Correlation-based dynFC methods characterise how functional connectivity
evolves over time by either **windowing** the timeseries into short segments
and computing Pearson correlations within each window, or by analysing the
**instantaneous co-activation** of parcel pairs as a continuous edge time
series — no windowing required.

`dynR` implements three correlation-based functions:

| Function | Output | Method |
|---|---|---|
| `corr_slide()` | FC matrices \[N × N × windows\] | Sliding-window Pearson correlation |
| `cofluct()` | Edge time series \[n\_edges × Tmax\] + RSS | Edge-centric cofluctuation |
| `corr_corr()` | FC recurrence matrix \[Tmax × Tmax\] | Hansen et al. (2015) |

Although this vignette uses BOLD fMRI data throughout, these methods apply
to any multivariate timeseries where pairwise correlations carry meaningful
information, including EEG and LFP.

---

## Sliding-window correlation

### Window length: a critical choice

Unlike phase-based methods, sliding-window FC requires you to commit to a
window length.
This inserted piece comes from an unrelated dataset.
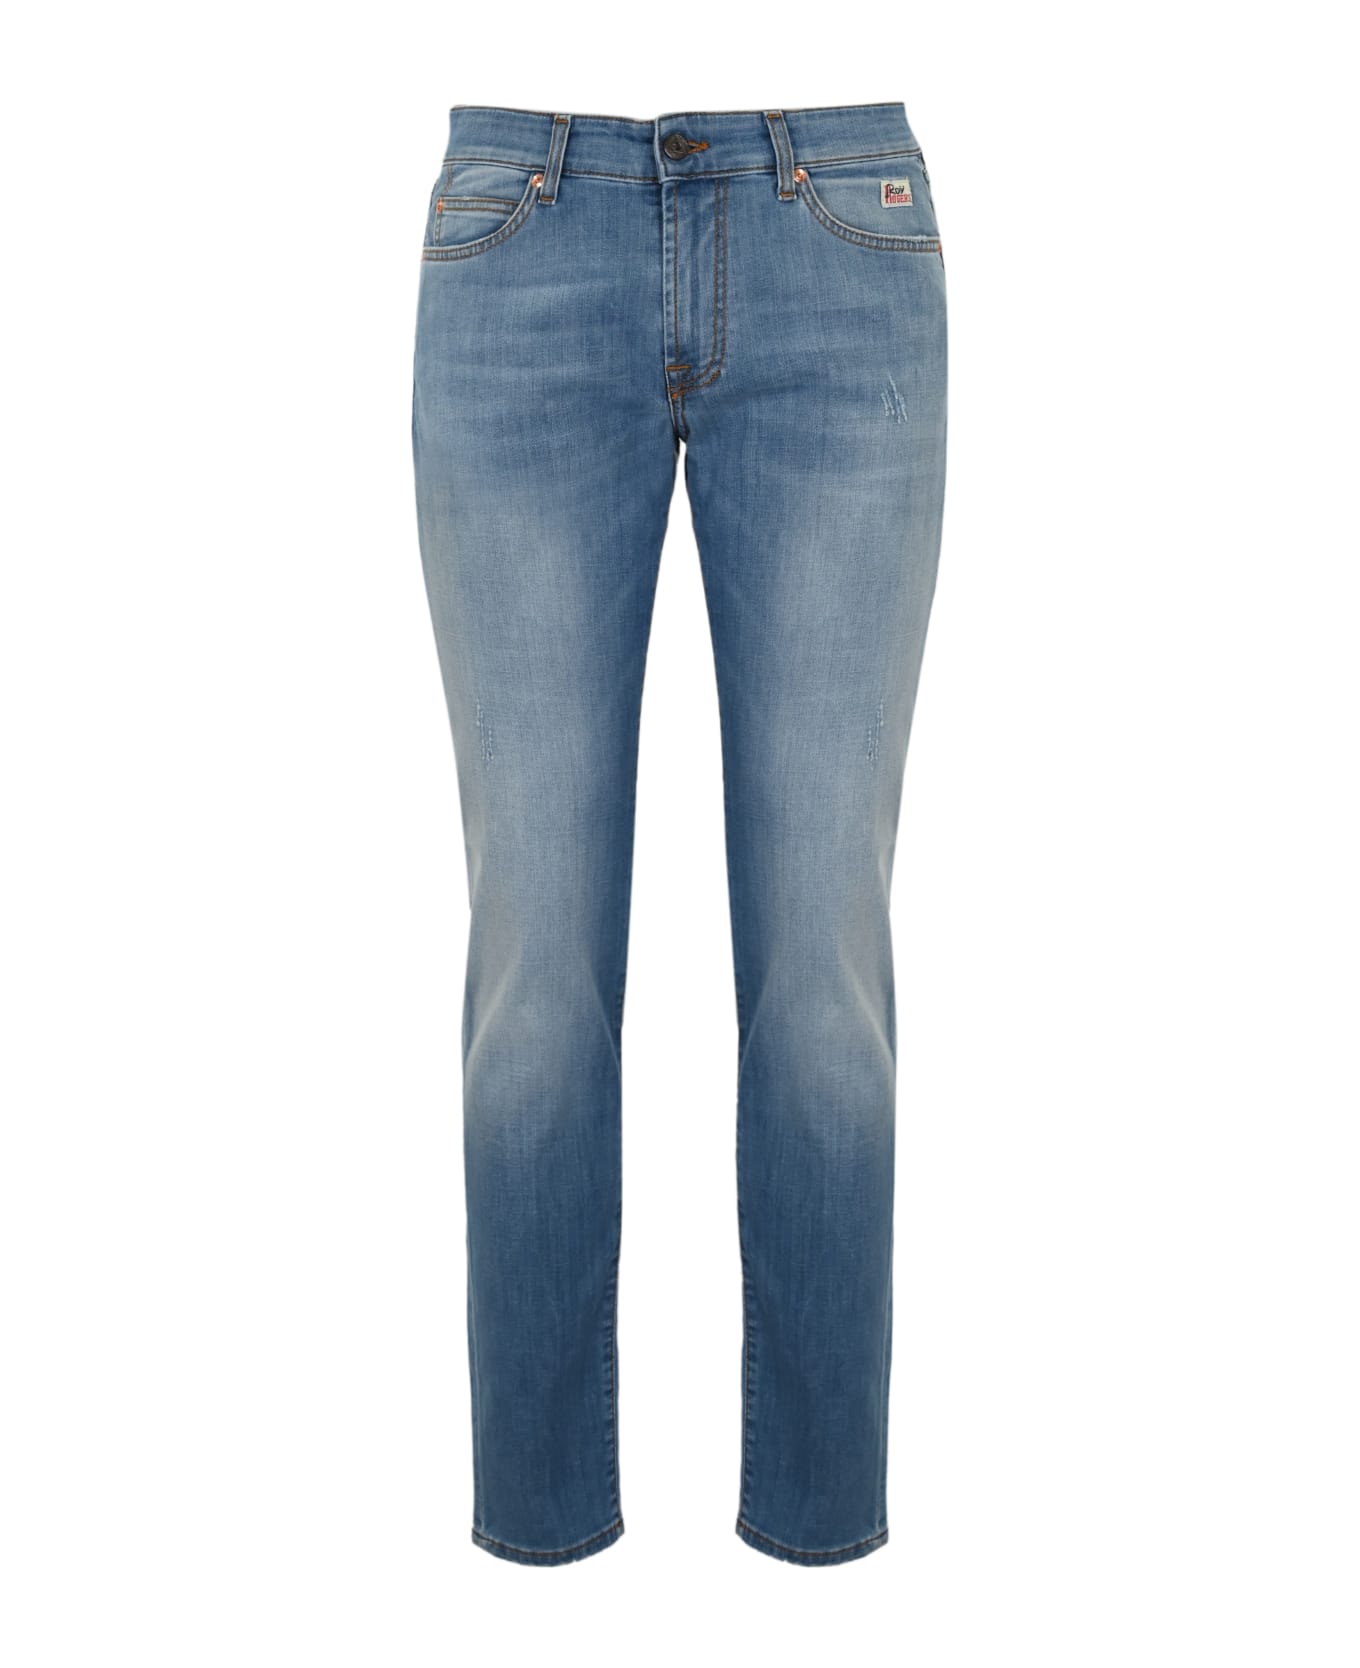 Roy Rogers 517 Js Jeans In Denim - Denim

The trade-off is fundamental:

- **Short windows** (< 30 TRs): high temporal resolution, but FC estimates
  are noisy — reliable Pearson correlations require sufficient timepoints
  relative to the number of parcels.
- **Long windows** (> 60 TRs): stable, low-noise FC estimates, but rapid
  state transitions are averaged away.
- **Typical choice**: **30–60 TRs** (60–120 s for TR = 2 s), with step size
  of 1 TR for fine temporal resolution or larger steps for efficiency
  (Hutchison et al., 2013; Leonardi & Van De Ville, 2015).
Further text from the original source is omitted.